What is 'reshoring'?

As some factory jobs return to the U.S., a new word has emerged to describe the process

The language of business has a businesslike efficiency: when an idea needs a word, a word is created to fill the vacuum. During the 1980s, offshore was first used to describe the movement of factories and jobs overseas as a cost saving measure. Offshore had been used to mean simply “from the shore” or “at a distance from the shore” since the early 1700s, but its use in the specific business sense of “outside the country” is much more recent, dating to the mid-20th century as an adverb. As a verb, it goes back to the 1980s, as does the noun offshoring—at around the same time that another enduring piece of business jargon was coined: outsourcing.

reshore

'Reshoring' describes the process of bringing offshore (or 'outsourced') jobs back to their country of origin.

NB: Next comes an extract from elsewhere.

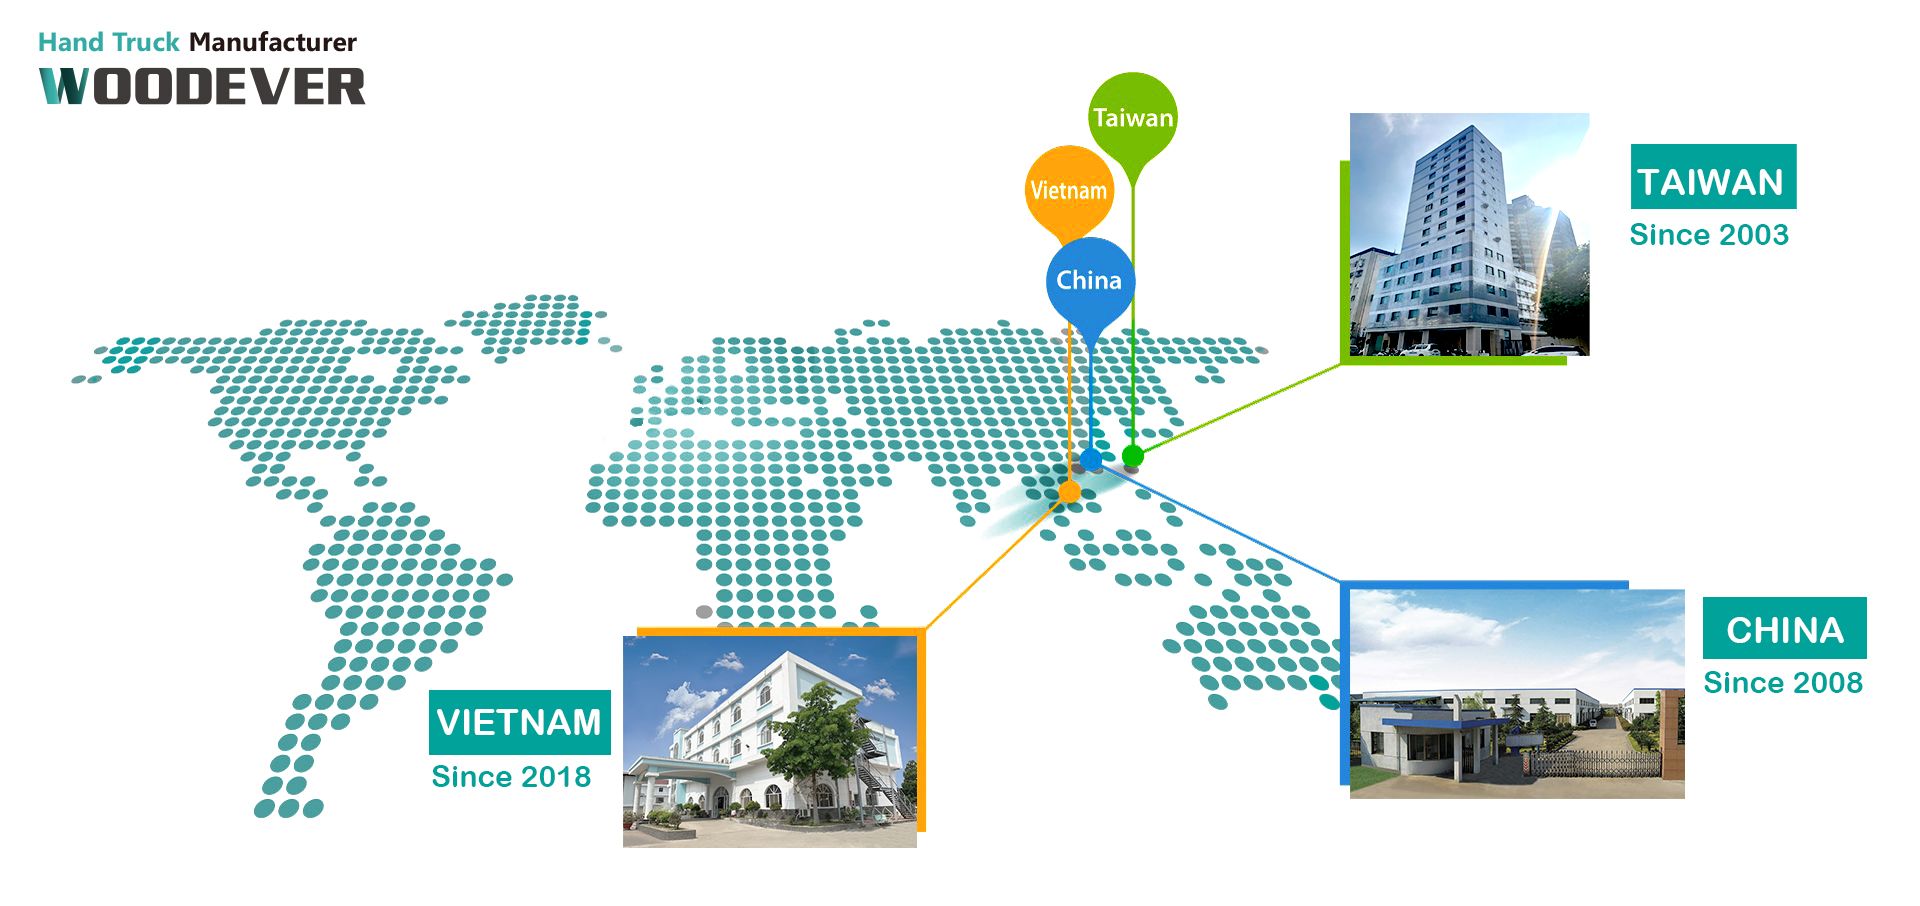 WOODEVER hat seinen Hauptsitz in Taichung, Taiwan, und 2 Produktionsstätten in China und Vietnam.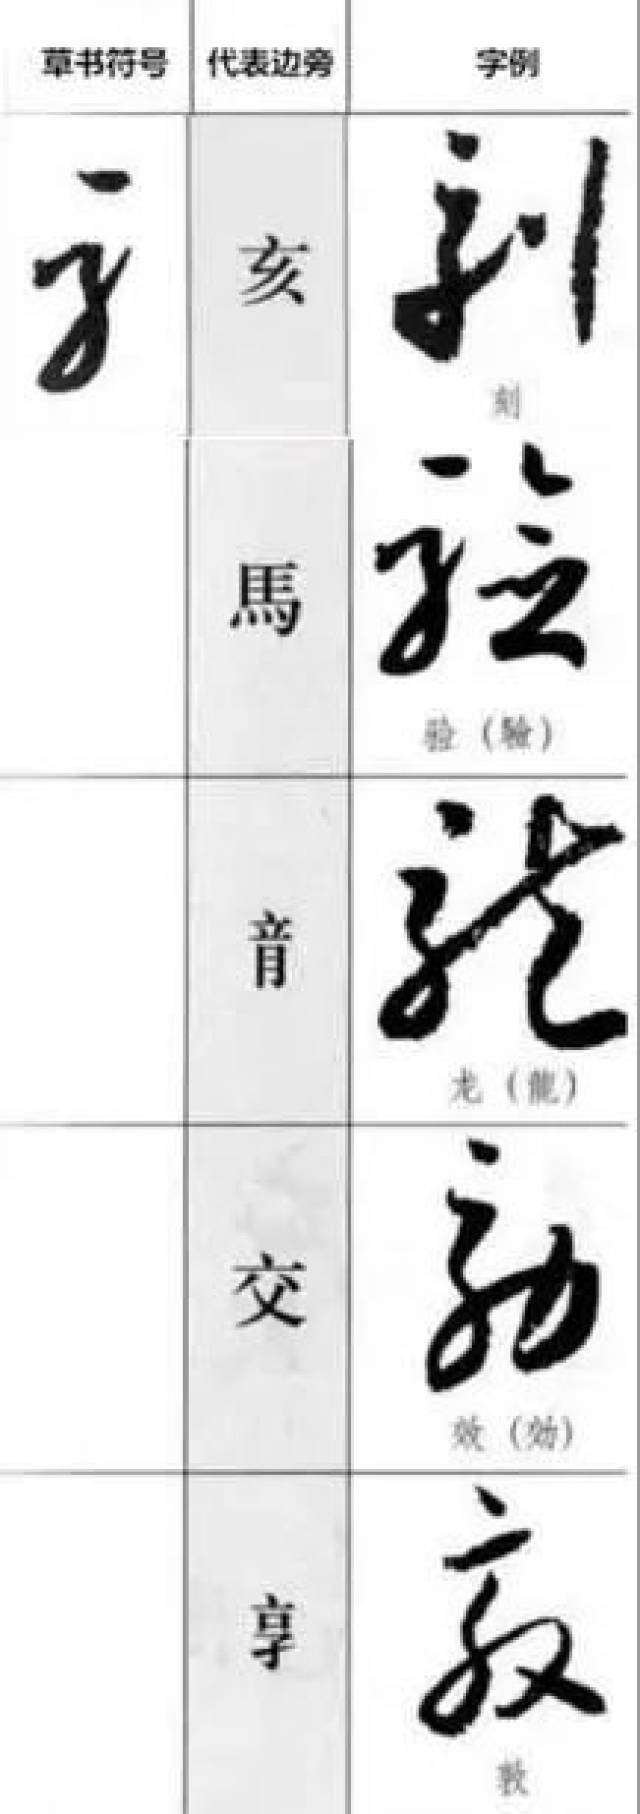 用日本人平假名的方法学草书,先记住最实用的草书符号(收藏版)

More recently, the opposite phenomenon has been observed, as some factory jobs have returned to the United States after having been moved abroad. A new word describing this phenomenon has a familiar ring: reshoring. The general pattern for these terms seems to be that the adverb enters the language first, followed by the verb, followed by the -ing noun.

Here are some examples:

“We've seen in the UK in the last five years a shift of work offshore to India and other low-cost locations and then there has been selective, what they term reshoring: taking the stuff that was in India and moving back to the UK," he said.
The Australian, 10 November 2009

The trend, known as onshoring or reshoring, is gaining momentum as a weak U.S. dollar makes it costlier to import products from overseas.
Wall Street Journal, March 10, 2010

All these factors are reflected in Ashley Furniture's decision to spend at least $80 million to build a new plant south of Winston-Salem, N.C., that will employ 500 people. It represents the reshoring of a traditional industry in a state that had lost jobs to China.
TIME, April 23, 2013

Perhaps the biggest stimulant to American manufacturing is the move toward reshoring. In recent years, companies have increasingly been bringing manufacturing jobs back to the U.S. from China and other countries.
TheNewYorker.com, March 14, 2016

A competing term, onshoring, makes sense as a direct opposite of offshoring, but it hasn’t made the fast progress we see for reshoring. With language, as with business, if competition creates winners, it sometimes leaves behind the losers.

Words We're Watching talks about words we are increasingly seeing in use but that have not yet met our criteria for entry.